Friday, 09 March 2018
By Print21

Major shareholder Darwin Deason has filed a new lawsuit against Xerox after the company refused to allow him to make board nominations in his fight against the proposed $6.1 billion merger that would combine Xerox with existing joint venture Fuji Xerox.

The high-profile hedge fund manager nominated a full slate of ten directors to replace Xerox Corp’s existing board at the company’s upcoming AGM. But the company said he missed the deadline.

In his new lawsuit, Deason argues he has a right to nominate directors despite missing the deadline because the current board had made a series of significant decisions and disclosures to stockholders after the deadline.
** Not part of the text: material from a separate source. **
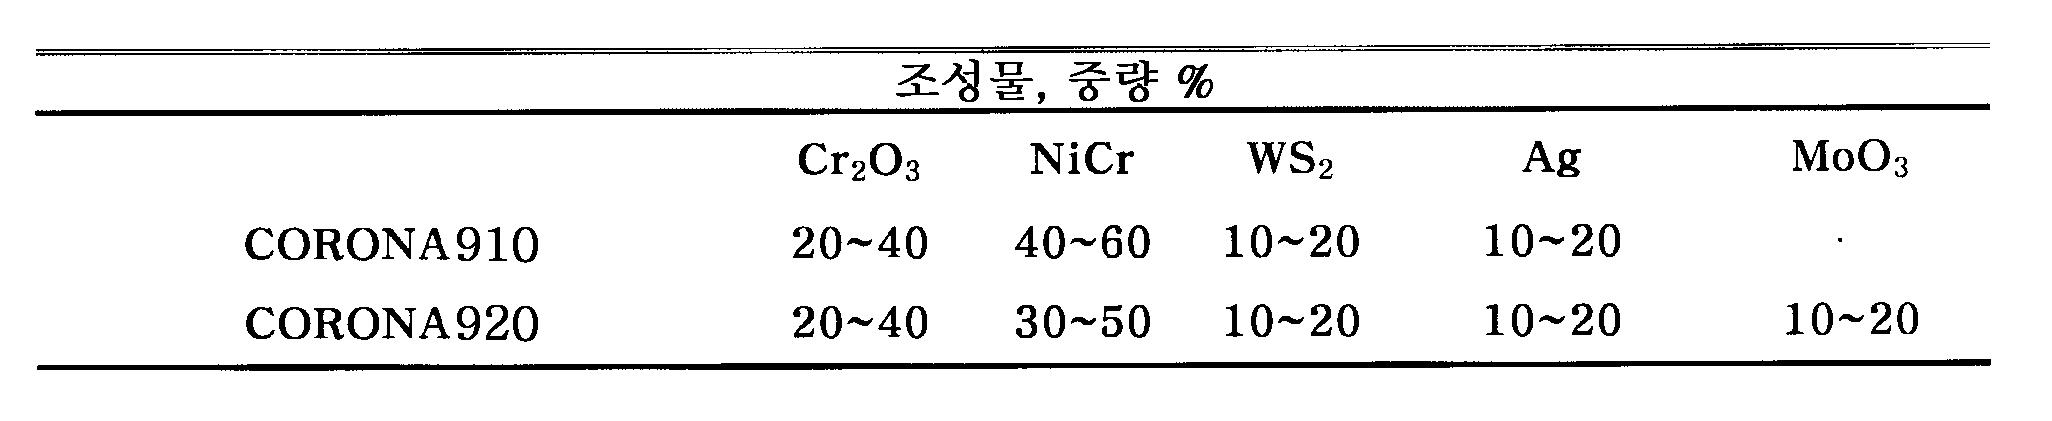 Figure 112005036055873-pat00001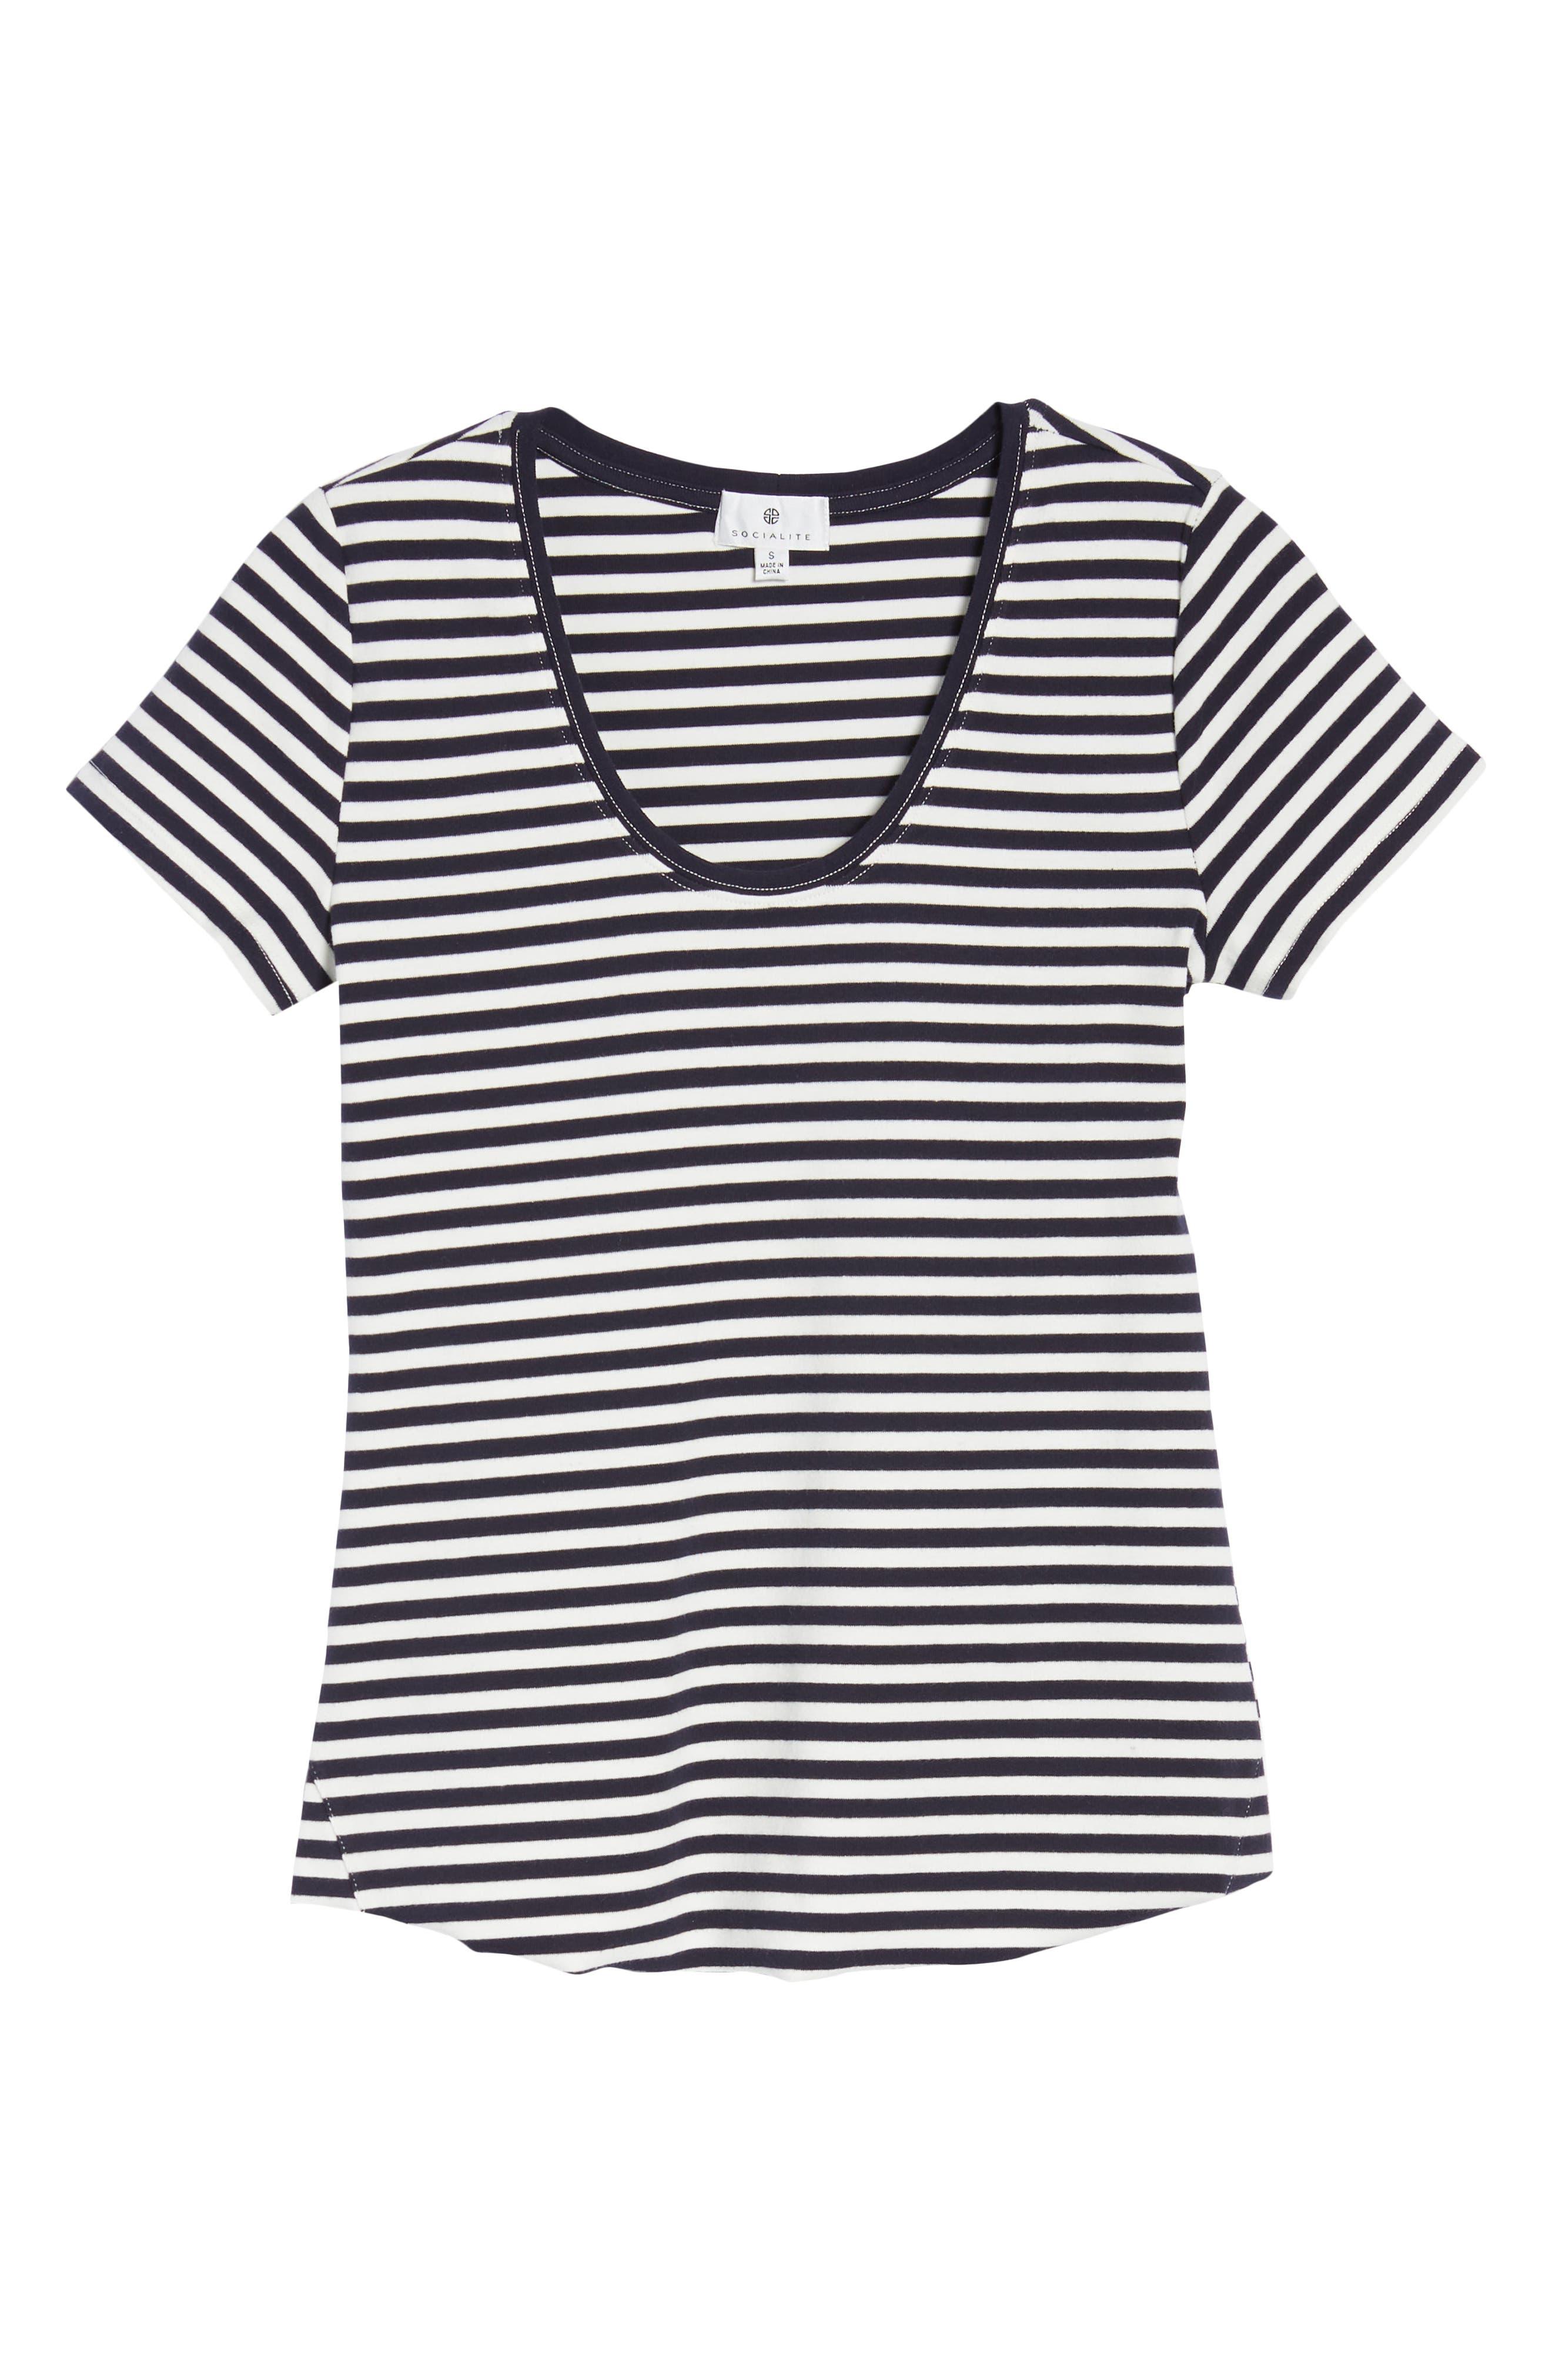 Stripe Tee,                             Alternate thumbnail 7, color,                             Navy/ White

Last month, Deason filed legal action with the US Securities and Exchange Commission to block the merger, claiming the deal undervalues the company.

Xerox this week issued a 2,000-word letter to shareholders defending the deal and “reinforcing its belief in the significant benefits of the Company’s proposed combination with Fuji Xerox.”

Dear Xerox Shareholders,

As a result of a comprehensive review of the Company’s strategic and financial alternatives, Xerox’s Board and management strongly believe that the combination with Fuji Xerox is the best path forward to create value for Xerox and its shareholders.

The revenue and cost synergies identified through this combination include:
Developing a more complete and competitive product portfolio, with enhanced offerings in areas where Xerox is currently underpenetrated such as high-speed inkjet and low-end A3;
Streamlining global R&D, product rollout and marketing strategies to deliver best-in-class solutions with greater coordination, efficiency and improved time-to-market;
Leveraging Xerox and Fuji Xerox’s integrated delivery and servicing capabilities to improve our solutions architecture and expand client relationships globally;
Transforming small and midsized business (SMB) strategy by expanding our channel reach and increasing cost competitiveness through cost synergies;
and optimizing the global footprint of manufacturing, distribution and R&D centers, and eliminating duplicative costs at corporate and support functions.

Xerox also said that in addition to $1.25 billion of cost synergies, a separate cost reduction program already underway at Fuji Xerox is expected to deliver $450 million in annual cost savings over the next two years (see chart).

This brings the total annual cost savings target for the combined company to over $1.7 billion to be completed by 2022, with approximately $1.2 billion achievable by 2020.